§ Provided data:
────
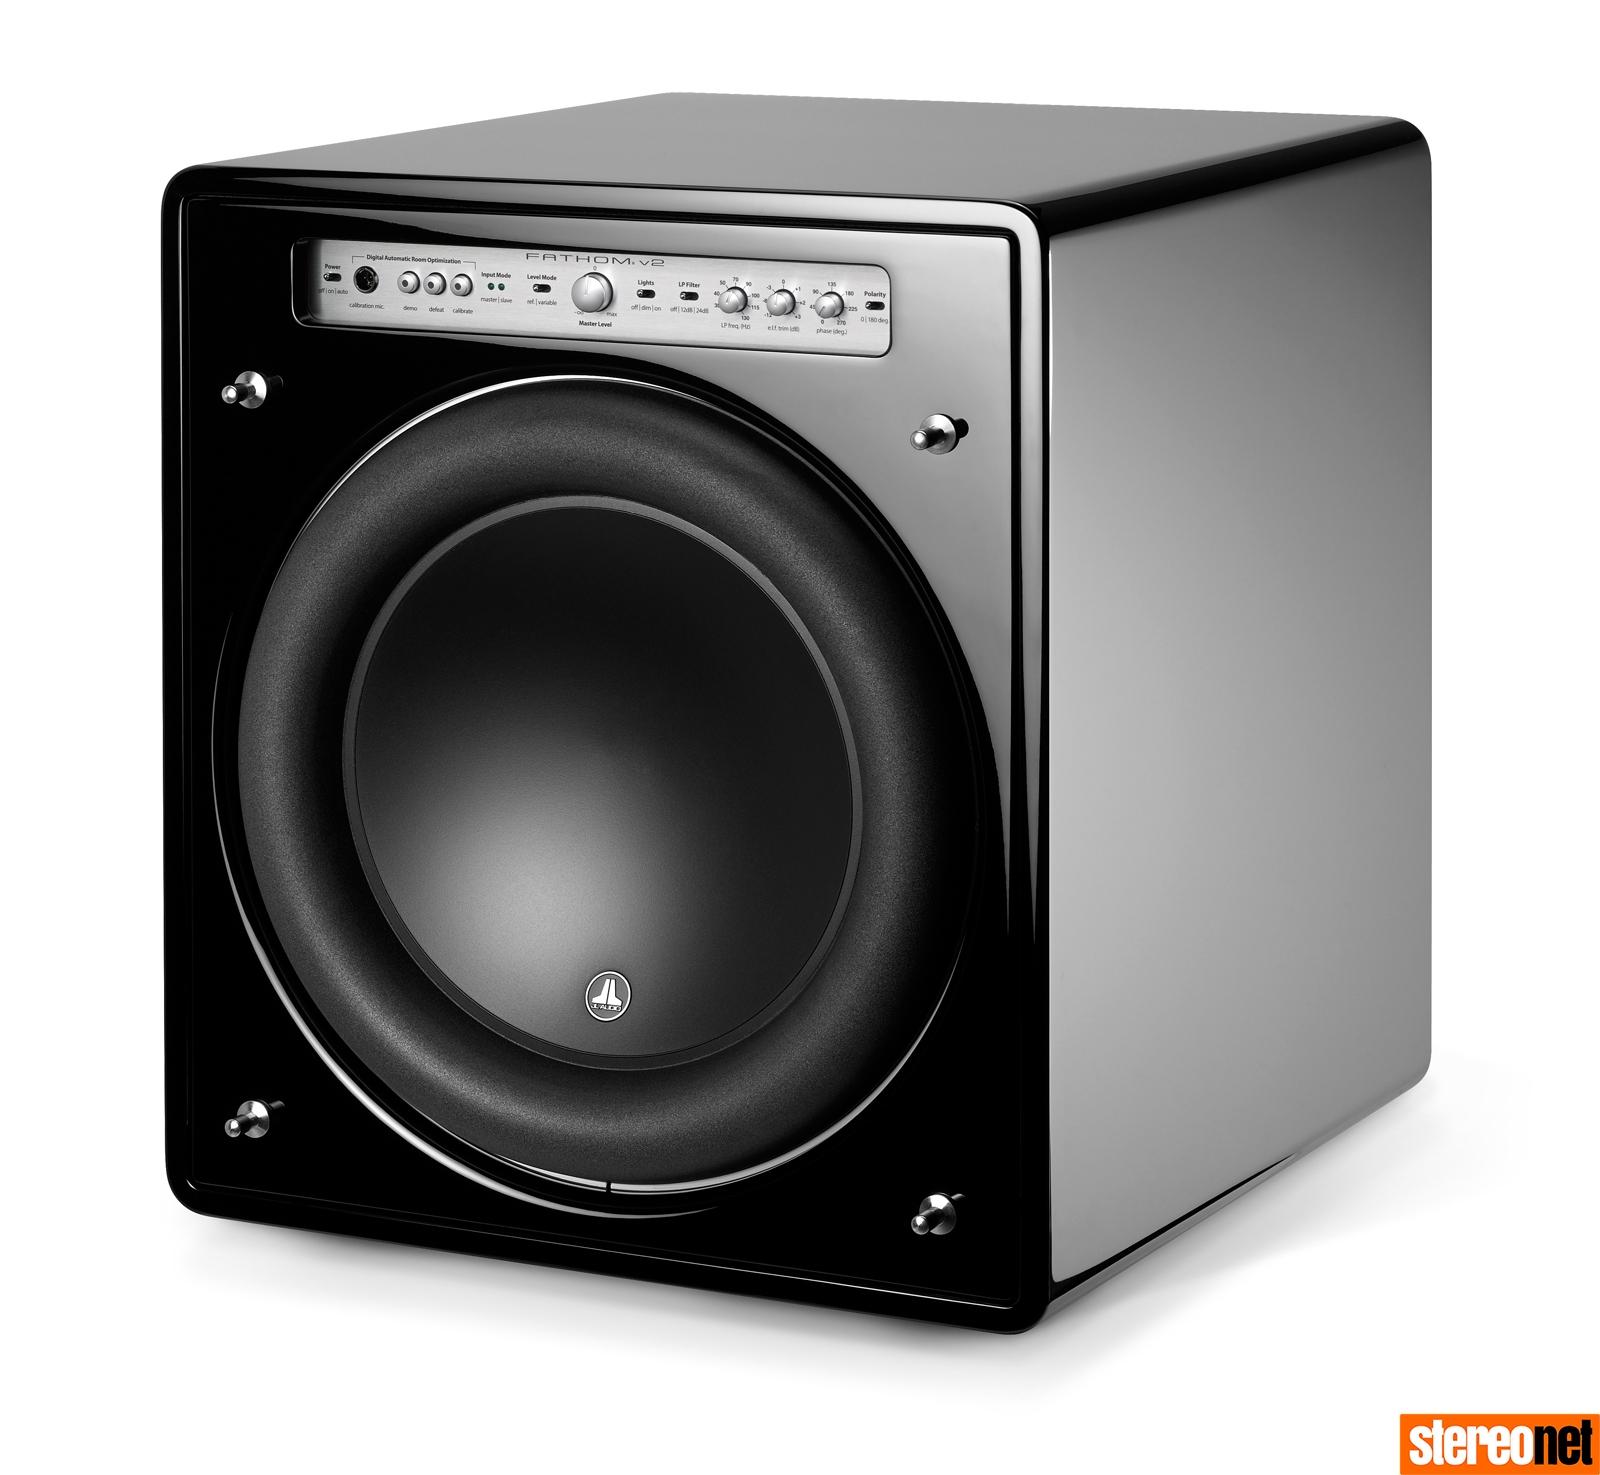 JL Audio Fathom 113 V2 Review
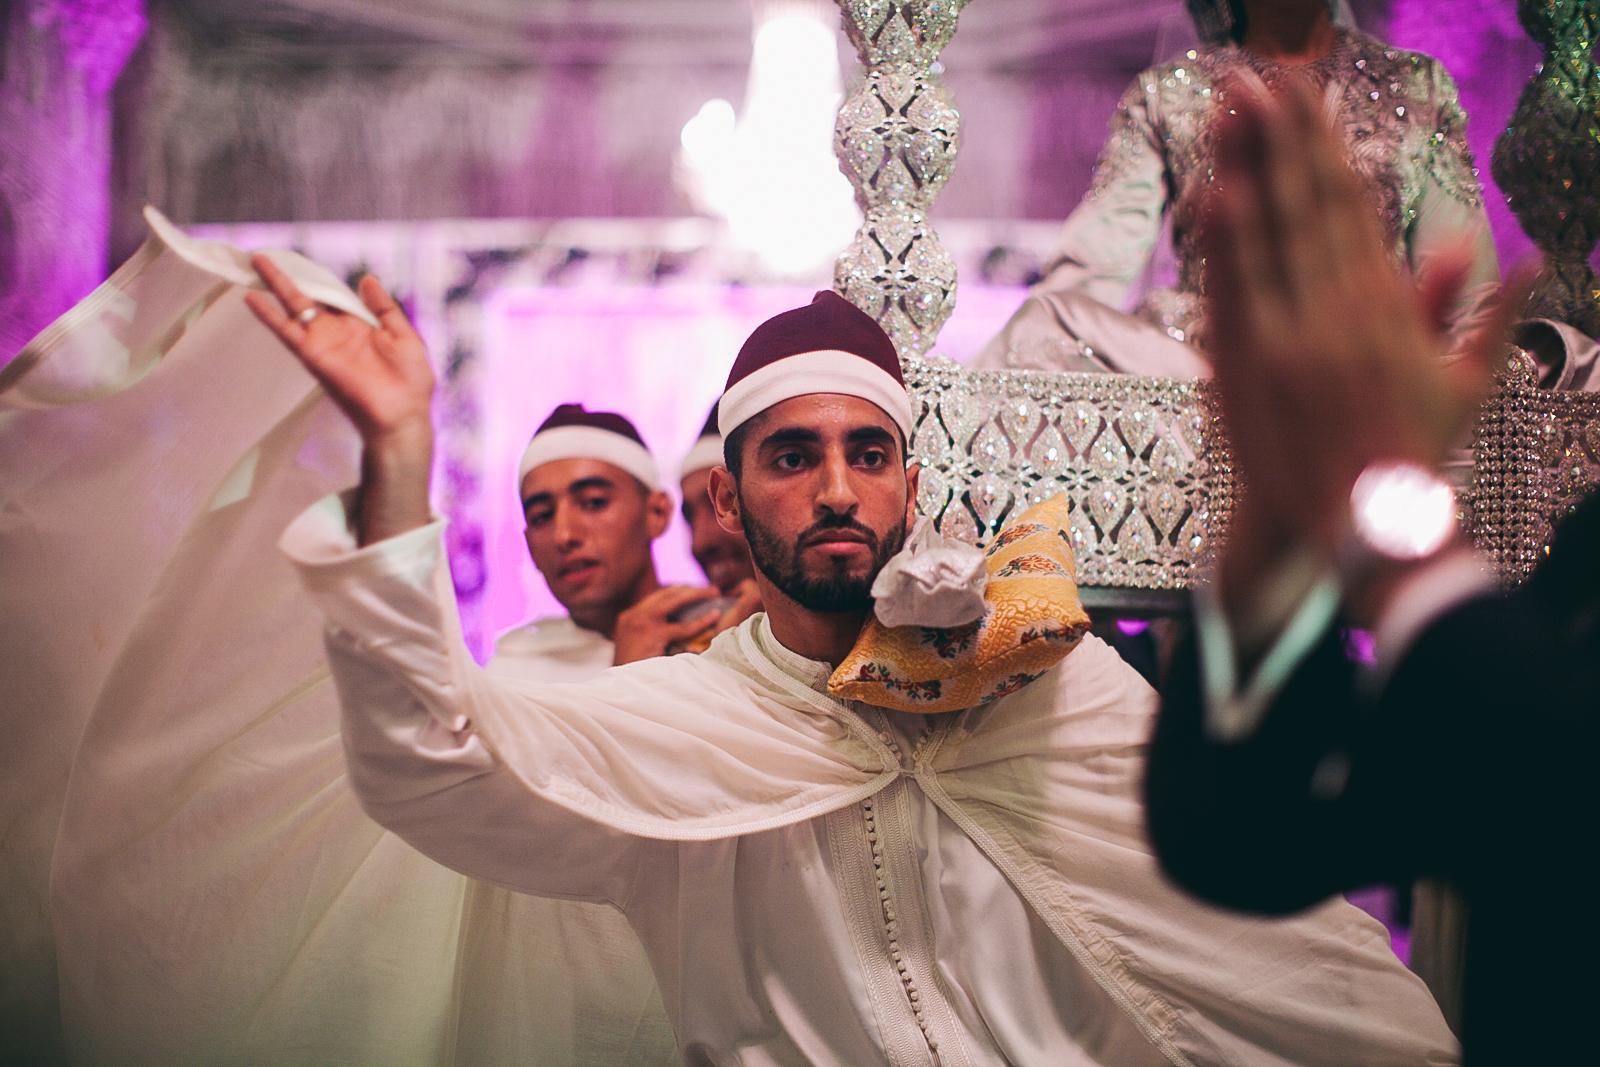 traditional_moroccan_wedding_photographry_casablanca_morocco_houda_vivek_ebony_siovhan_bokeh_photography_072.jpg
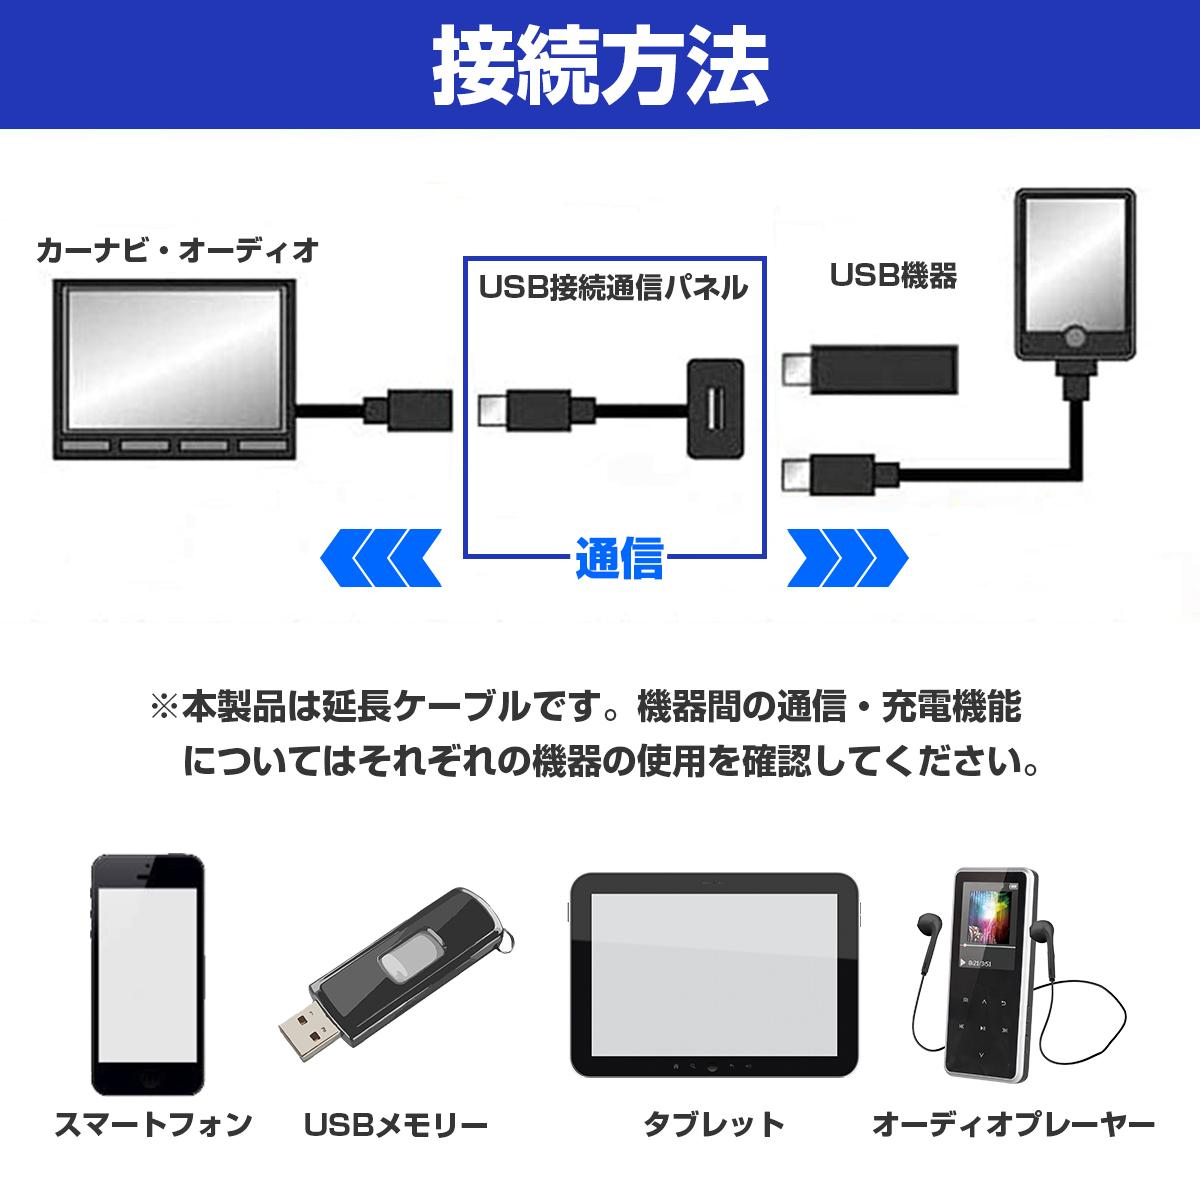 【送料無料~】【トヨタAタイプ】 ヴィッツ UZJ/HDJ100系 H17.2~H22.11 USB接続通信パネル 配線付 USB1ポート 増設USBケーブル 2.1A 12V_画像4
────
Could you retype each line of the material above exactly, skipping the pictures?

 JL Audio Fathom 113 V2 Review
 traditional_moroccan_wedding_photographry_casablanca_morocco_houda_vivek_ebony_siovhan_bokeh_photography_072.jpg
 【送料無料~】【トヨタAタイプ】 ヴィッツ UZJ/HDJ100系 H17.2~H22.11 USB接続通信パネル 配線付 USB1ポート 増設USBケーブル 2.1A 12V_画像4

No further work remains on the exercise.